- **Action item**
The records appear below. Set down exactly each line from the one that contains "Second Way to" through the last, both included.

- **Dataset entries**
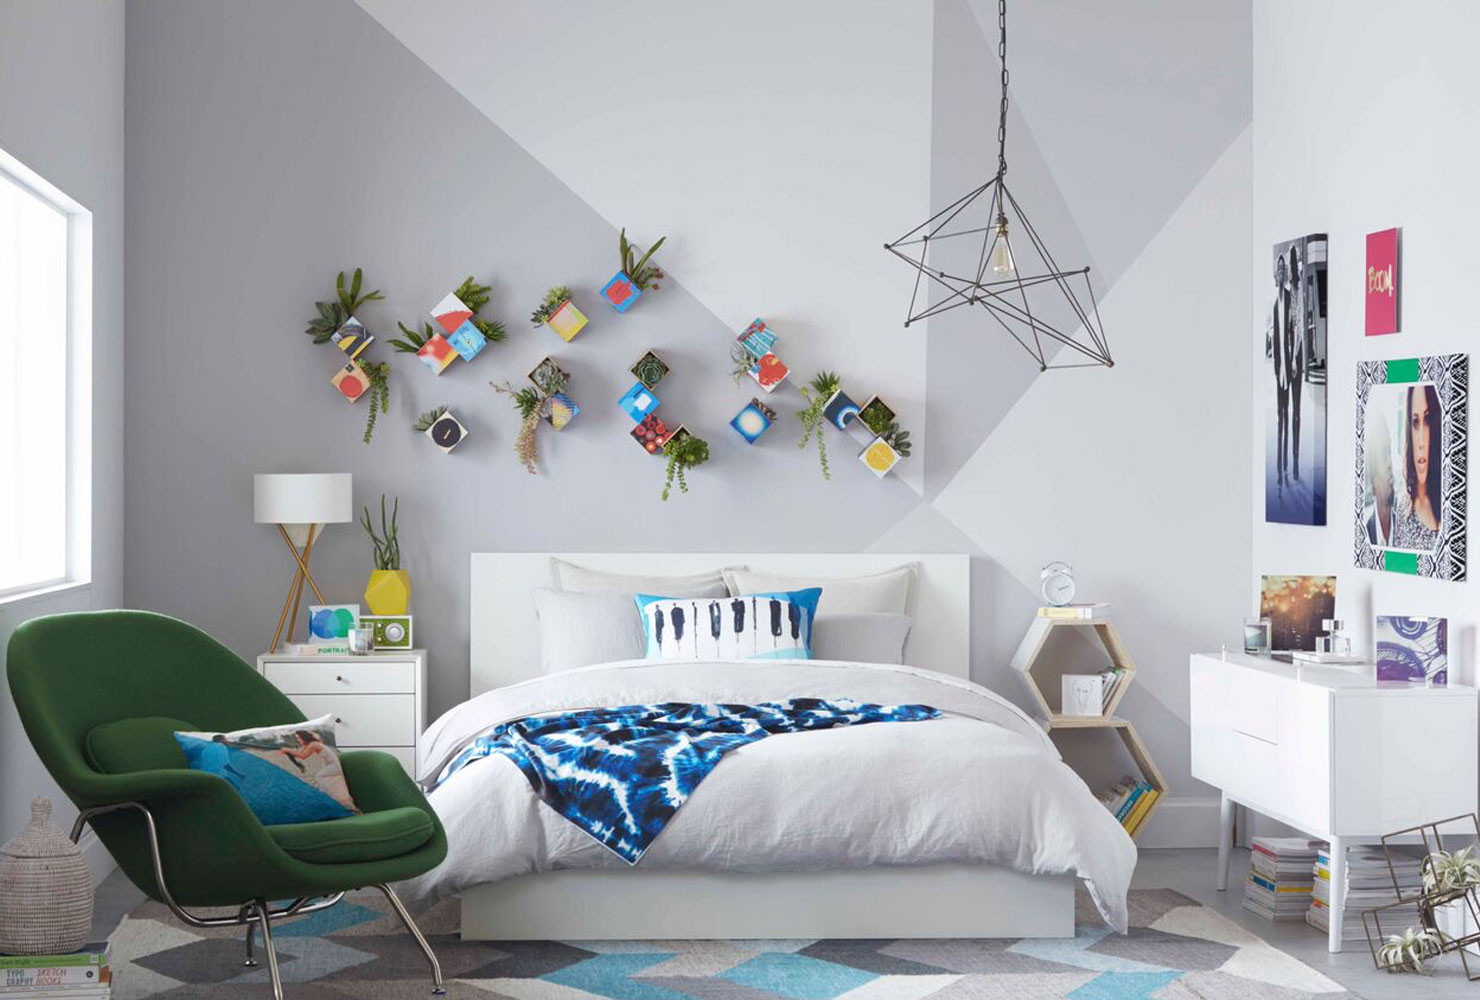 DIY Decorations For Bedroom
 24 DIY Bedroom Decor Ideas To Inspire You With Printables
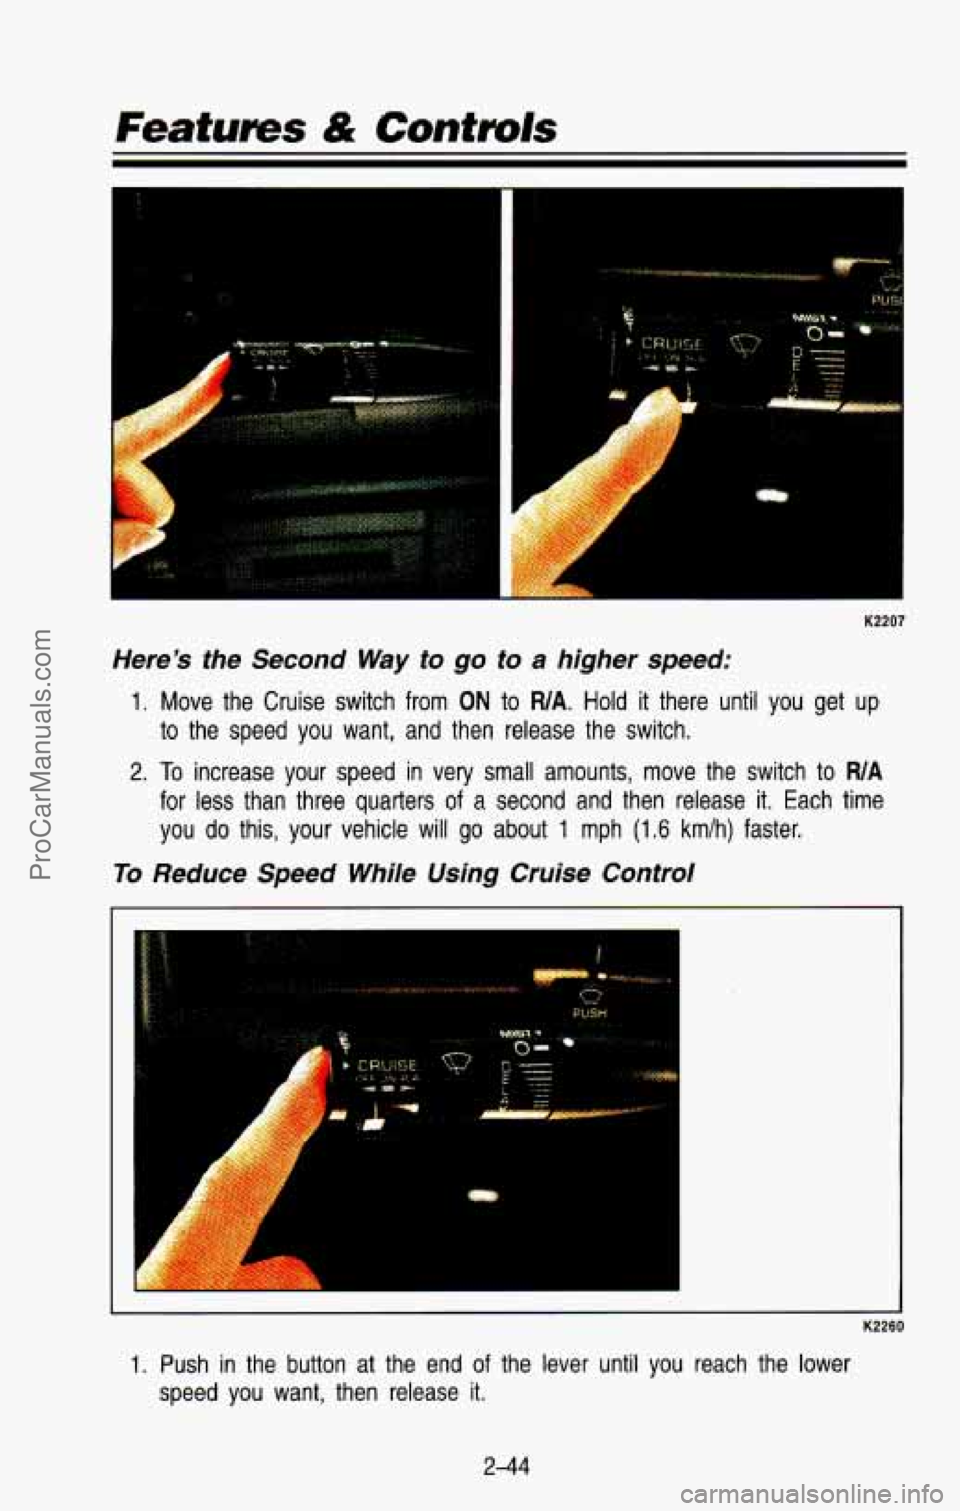 CHEVROLET SUBURBAN 1993  Owners Manual Features & Controls 
i 
K2207 
Heres  the  Second Way to go to a higher  speed: 
1. Move the Cruise  switch  from ON to WA. Hold  it there  until  you  get  up 
to the  speed  you  want,  and  then

- **Result of this exercise**
Heres  the  Second Way to go to a higher  speed: 
1. Move the Cruise  switch  from ON to WA. Hold  it there  until  you  get  up 
to the  speed  you  want,  and  then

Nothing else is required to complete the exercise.